Our civilization depends on the soil more crucially than ever, because our
numbers have grown while available soil resources have diminished and deteriorated.
Paradoxically, however, even as our dependence on the soil has
increased, most of us have become physically and emotionally detached from
it. The majority of the people in the so-called “developed” countries spend
their lives in the artificial environment of a city, insulated from direct exposure
to nature. Many children now assume as a matter of course that food originates
in supermarkets.
Detachment has bred ignorance, and out of ignorance has come the arrogant
delusion that our civilization has risen above nature and has set itself free
of its constraints. Agriculture and food security, erosion and salination, degradation
of natural ecosystems, depletion and pollution of surface waters and
aquifers, and decimation of biodiversity — all these processes, which involve
the soil directly or indirectly, have become mere abstractions to most people.
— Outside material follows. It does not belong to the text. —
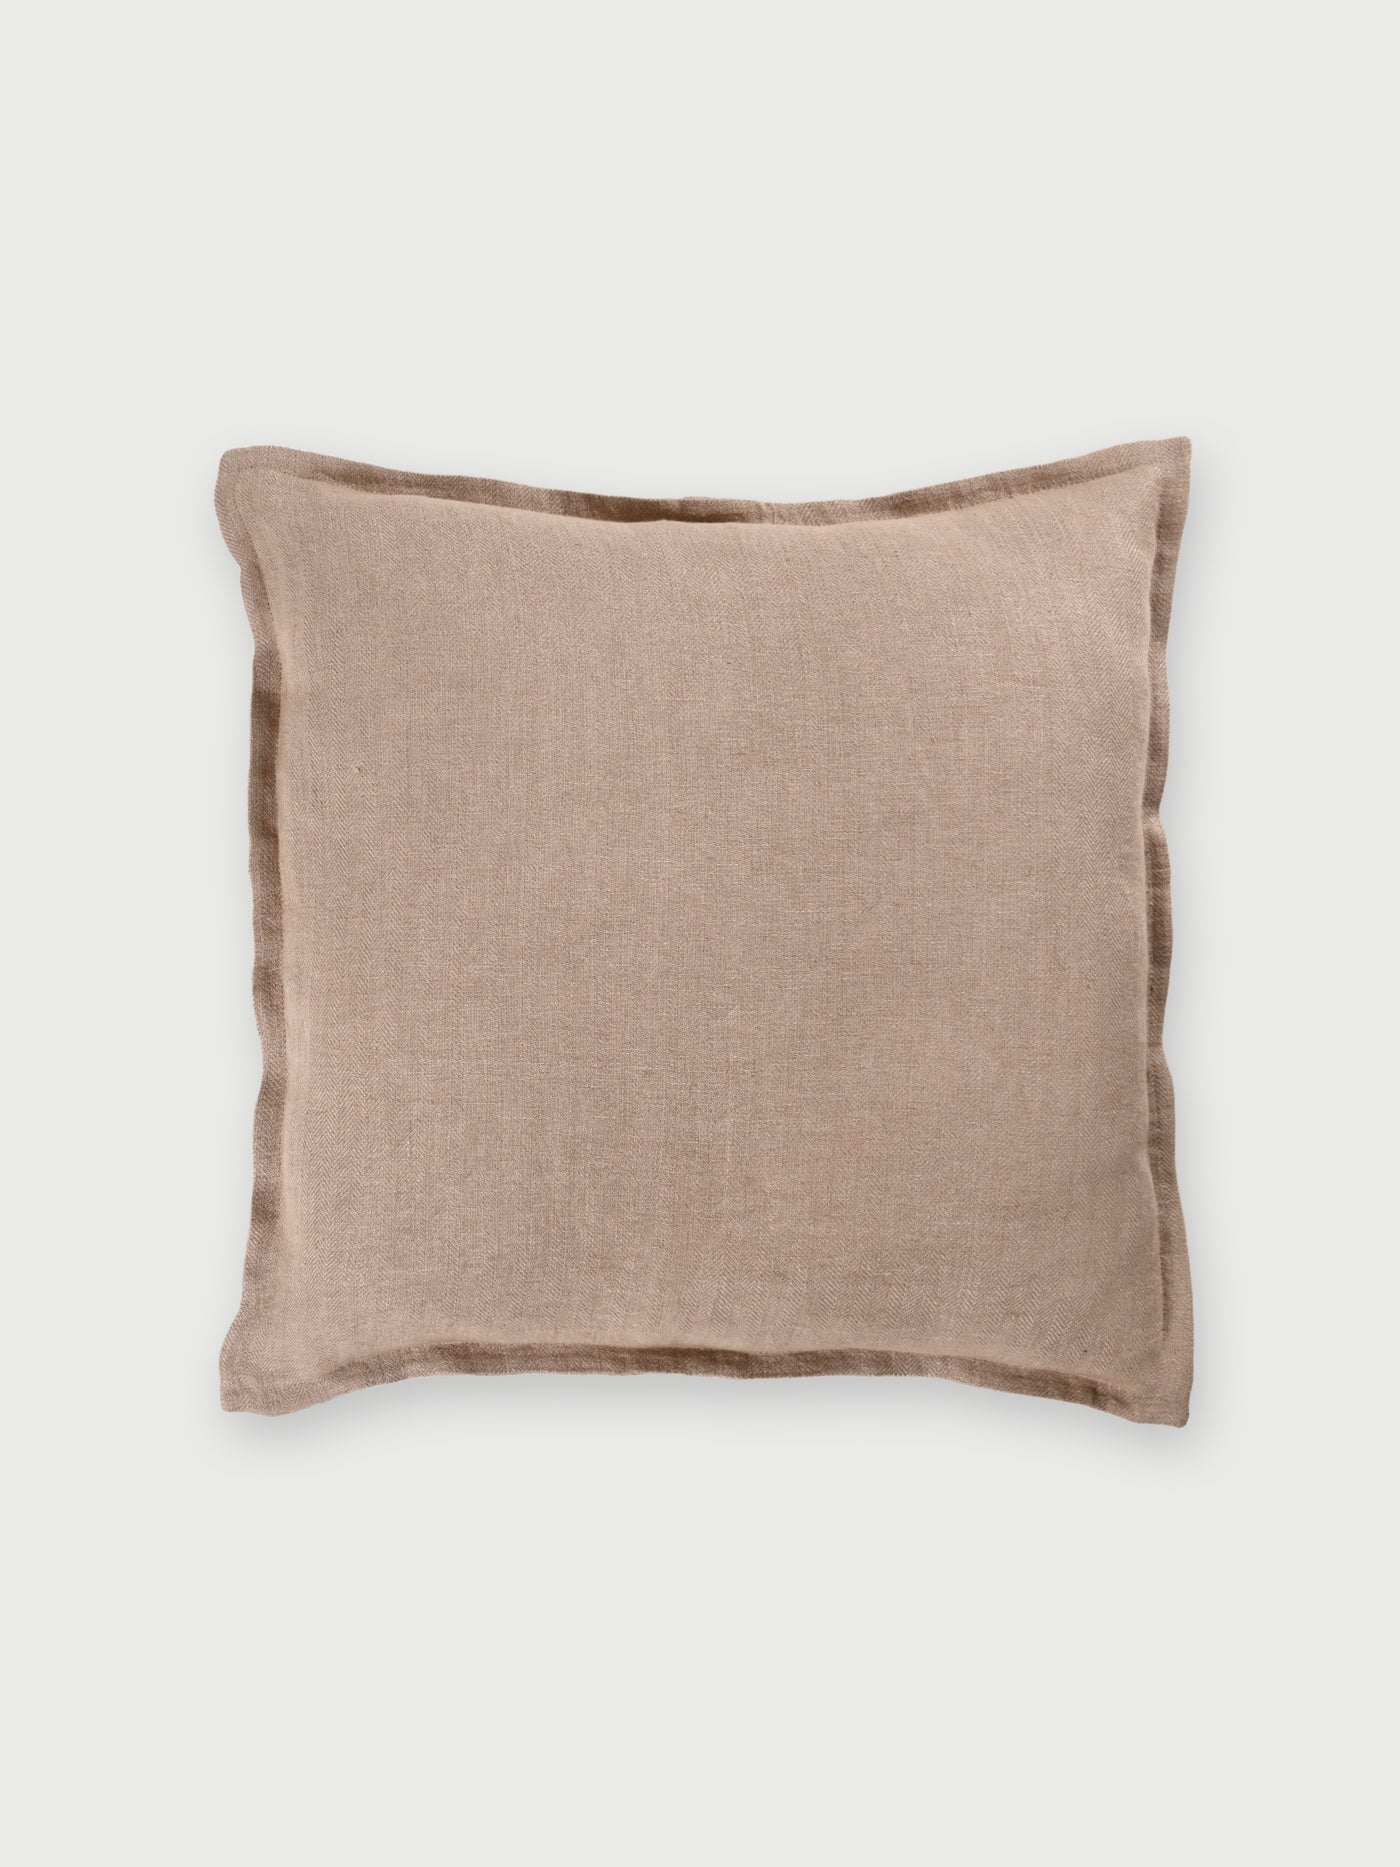 Herringbone Linen Cushion Cover

The very language we use betrays disdain for that common material underfoot,
often referred to as “dirt.” Some fastidious parents prohibit their children
from playing in the mud and rush to wash their “soiled” hands when the
children nonetheless obey an innate instinct to do so. Thus is devalued and
treated as unclean what is in fact the terrestrial realm’s principal medium of
purification, wherein wastes are decomposed and nature’s productivity is continually
rejuvenated.
Scientists who observe the soil discern a seething foundry in which matter
and energy are in constant flux. Radiant energy from the sun streams onto the
field and cascades through the soil and the plants growing in it. Heat is
exchanged, rainwater percolates in the intricate passages of the soil, plant
roots suck up that water and transmit it to their leaves, which transpire it back
to the atmosphere. The leaves absorb carbon dioxide from the air and synthesize
it with soil-derived water to form the primary compounds of life: carbohydrates,
fats, proteins, and numerous other compounds (many of which
provide medicinal as well as nutritional value). Oxygen emitted by the leaves
makes the air breathable for animals, which feed on and in turn fertilize the
plants.
The soil is thus a self-regulating biophysical factory, utilizing its own materials,
water, and solar energy. It also determines the fate of rainfall and snowfall
reaching the ground surface — whether the water thus received will flow
over the land as runoff or seep downward to the subterranean reservoir called
groundwater, which in turn maintains the steady flow of springs and streams.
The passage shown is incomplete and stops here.